The problem with articulated buses is more people waiting at each stop, and if there is still front door boarding only, then that means more time spent at each stop for people to board the bus. This means the bus falls further and further behind schedule, and as it falls further behind schedule, the amount of people waiting at each stop increases even more and causes even more delays. At the same time, the buses behind pick up less and less people and they get more and more ahead of schedule. This is what causes the bunching problem. Articulated buses are best with limited stops and an all-door boarding scheme to prevent them from falling behind schedule and prevent the bunching. With really high ridership routes, they need to start considering conversion to rail so that they can use rail vehicles that are even longer than articulated buses, and unlike buses the rail vehicles can be combined into trains.

Reducing the distance and gaps between buses is important for attracting ridership, but that doesn't mean frequencies. It also means the amount of routes to reduce the distance to the near bus stop, or more options to reduce the amount of transfers. Of course, there is also the gap between the last trip at night and first trip in the morning.

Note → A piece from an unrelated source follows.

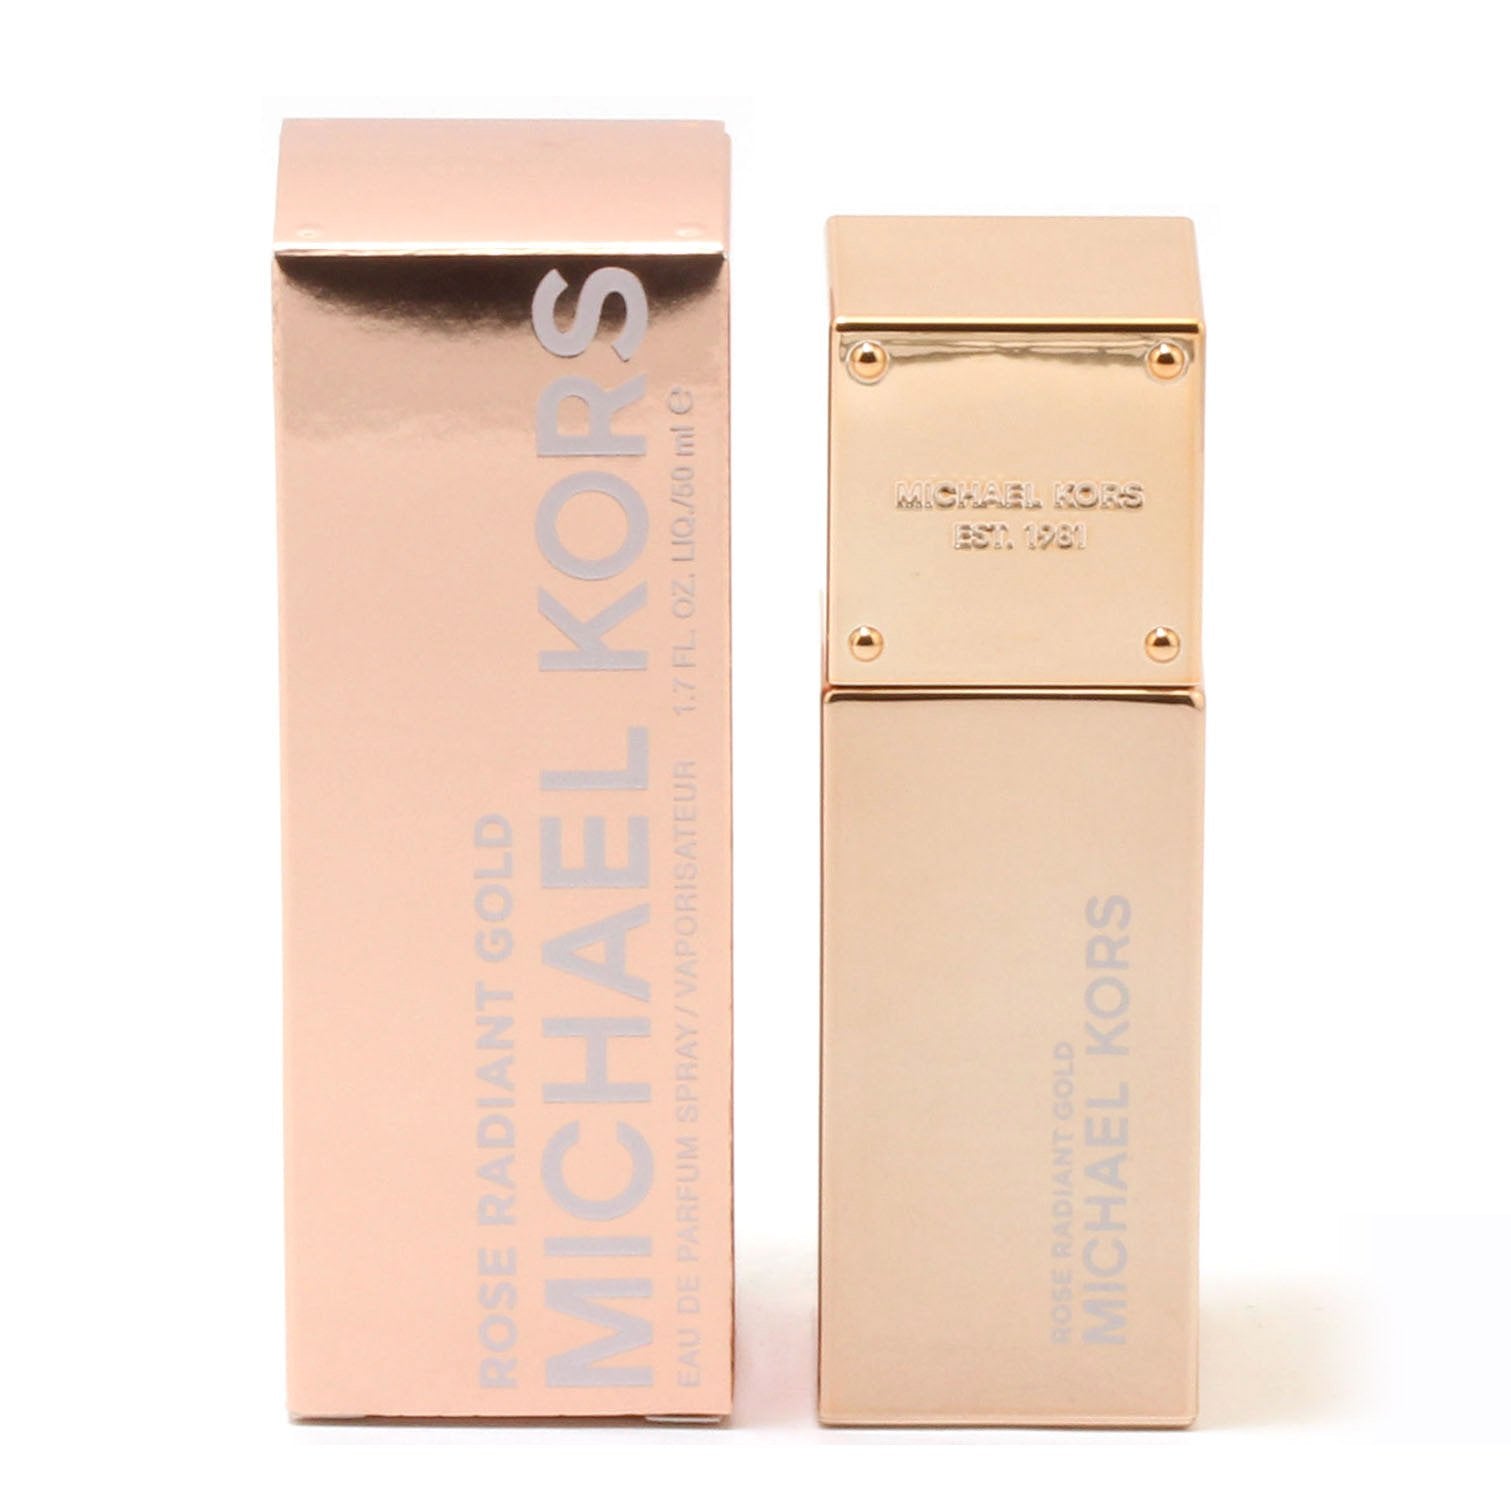 Perfume - MICHAEL KORS ROSE RADIANT GOLD FOR WOMEN - EAU DE PARFUM SPRAY

Frequencies are important but it is not the only way to increase service and attract riders.

To treat higher transit ridership numbers as a sign of poverty and economic hardship is really just mind-boggling to me. Brampton has worse poverty than Detroit? Calgary has worse poverty than Oklahoma City? Halifax has worse poverty than New Orleans? To suggest that the USA is doing better than Canada in terms of closing the gap between rich and poor, in terms of a more even distribution of wealth, in terms of eliminating poverty, because Canadians don't use the car as much, I think THAT is the root of the problem in the USA. I said it before, such hostility and belittling of transit will be reflected in policy-making, and it's bad policy-making that is the real problem. Whether it's bad transit, Trumpism, weak COVID response, lack of universal health care, it's not because US and Canadian culture are different, it's because the system of government is different. It's just incompetence and lack of leadership. I also talked in the homelessness thread about the dysfunctional government of the USA, the representation of wealth instead of the representation of people, and bad transit is mostly just another symptom of that.